About BetterLife Pharma Inc.

BetterLife Pharma Inc. is an emerging biotechnology company engaged in the development and commercialization of next generation psychedelic products for the treatment of mental disorders. Utilizing drug delivery platform technologies, BetterLife is also refining and developing drug candidates from a broad set of complementary interferon-based technologies which have the potential to engage the immune system to fight virus infections, such as the coronavirus disease (COVID-19) and human papillomavirus.

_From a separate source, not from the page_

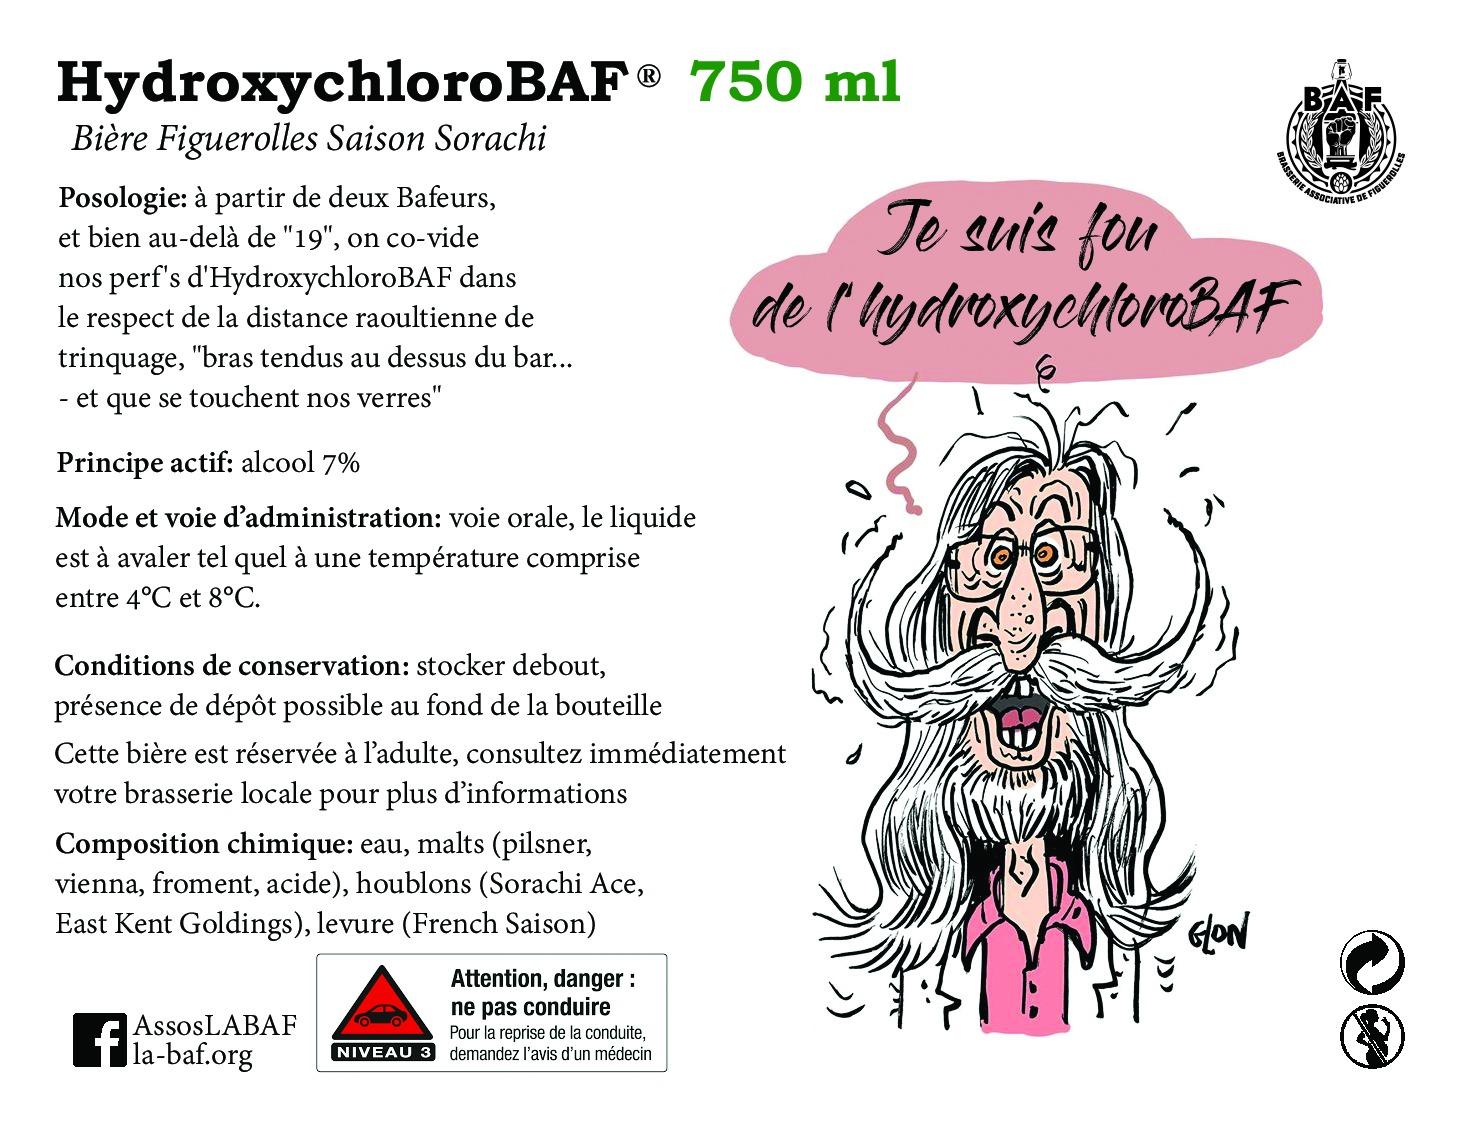 hydroxychloroBAF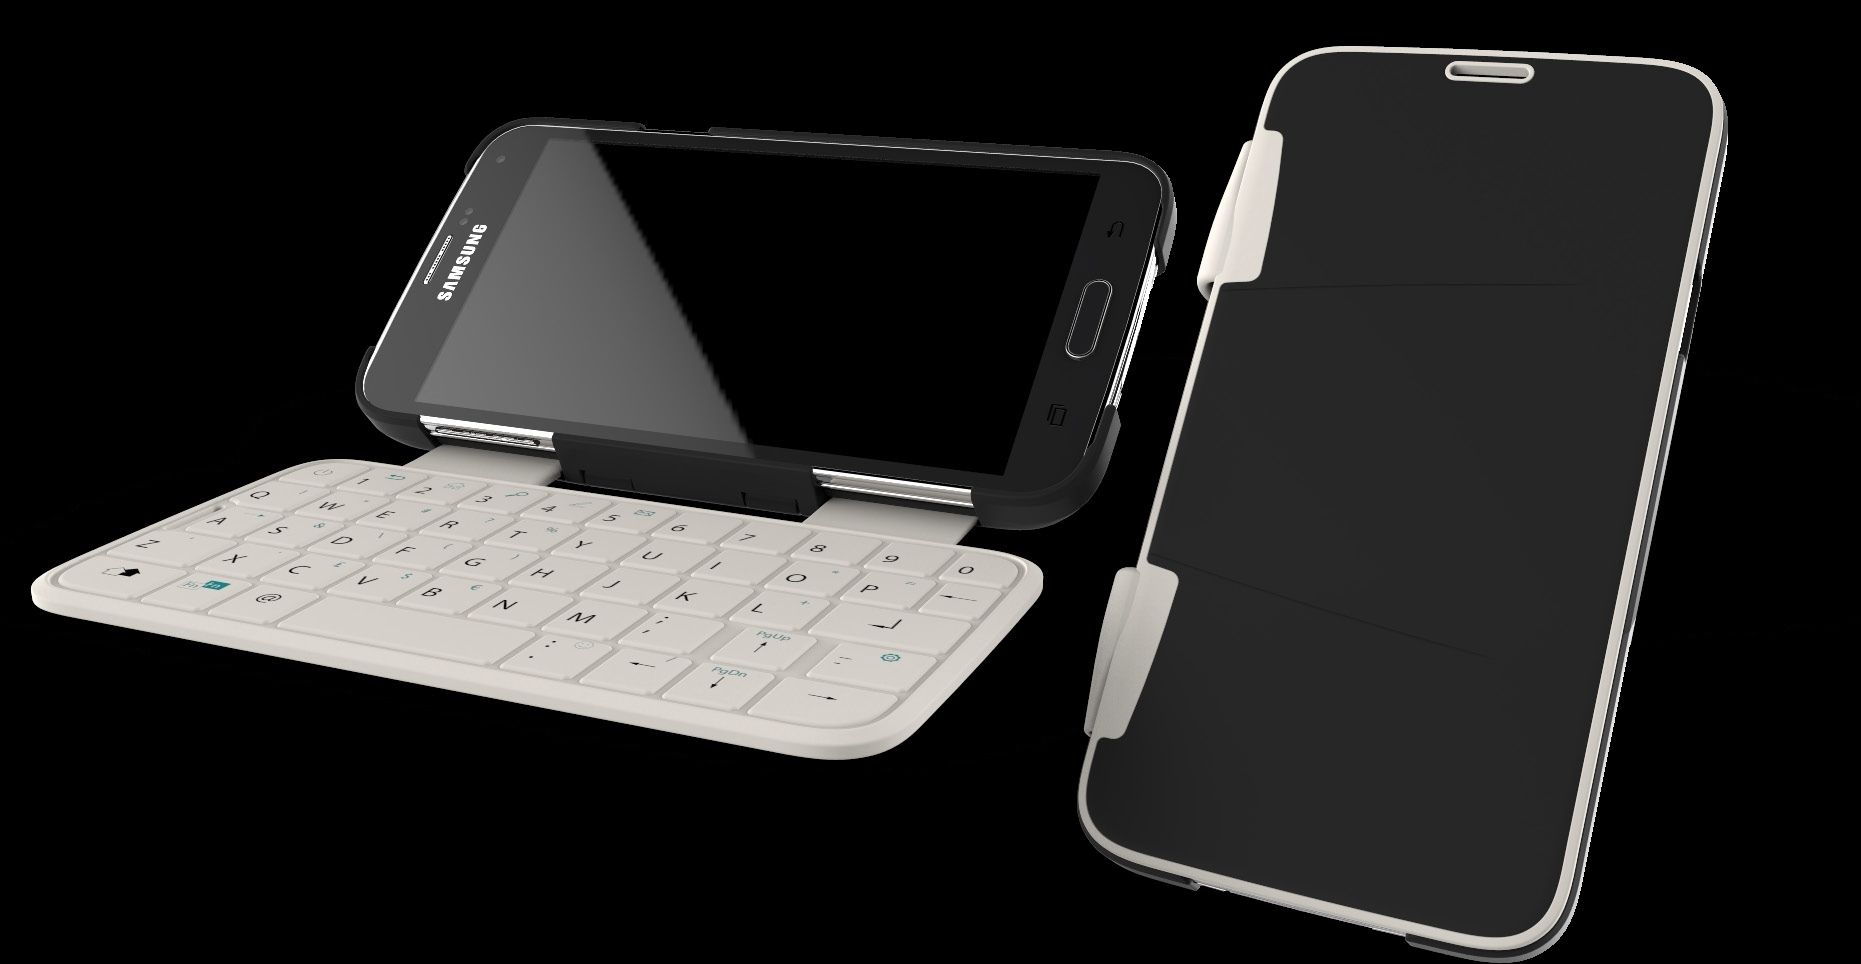 Dette tastaturet til Samsung-telefoner bruker NFC (Near Field Communication) for trådløs overføring, og trenger ikke batterier. Viktige faktorer her var at tastaturet skulle fungere under røffe forhold, og være levedyktig i et prispresset marked. Eker Design

For further information please visit www.abetterlifepharma.com.

Contact

Ahmad Doroudian, Chief Executive Officer
Email: Ahmad.Doroudian@blifepharma.com
Phone: (604) 221-0595

Cautionary Note Regarding Forward-Looking Statements

No securities exchange has reviewed nor accepts responsibility for the adequacy or accuracy of the content of this news release. This news release contains forward-looking statements relating to product development, licensing, commercialization and regulatory compliance issues and other statements that are not historical facts. Forward-looking statements are often identified by terms such as “will”, “may”, “should”, “anticipate”, “expects” and similar expressions. All statements other than statements of historical fact, included in this release are forward-looking statements that involve risks and uncertainties. There can be no assurance that such statements will prove to be accurate and actual results and future events could differ materially from those anticipated in such statements. Important factors that could cause actual results to differ materially from the Company’s expectations include the failure to satisfy the conditions of the relevant securities exchange(s) and other risks detailed from time to time in the filings made by the Company with securities regulations. The reader is cautioned that assumptions used in the preparation of any forward-looking information may prove to be incorrect. Events or circumstances may cause actual results to differ materially from those predicted, as a result of numerous known and unknown risks, uncertainties, and other factors, many of which are beyond the control of the Company. The reader is cautioned not to place undue reliance on any forward-looking information. Such information, although considered reasonable by management at the time of preparation, may prove to be incorrect and actual results may differ materially from those anticipated. Forward-looking statements contained in this news release are expressly qualified by this cautionary statement. The forward-looking statements contained in this news release are made as of the date of this news release and the Company will update or revise publicly any of the included forward-looking statements as expressly required by applicable law.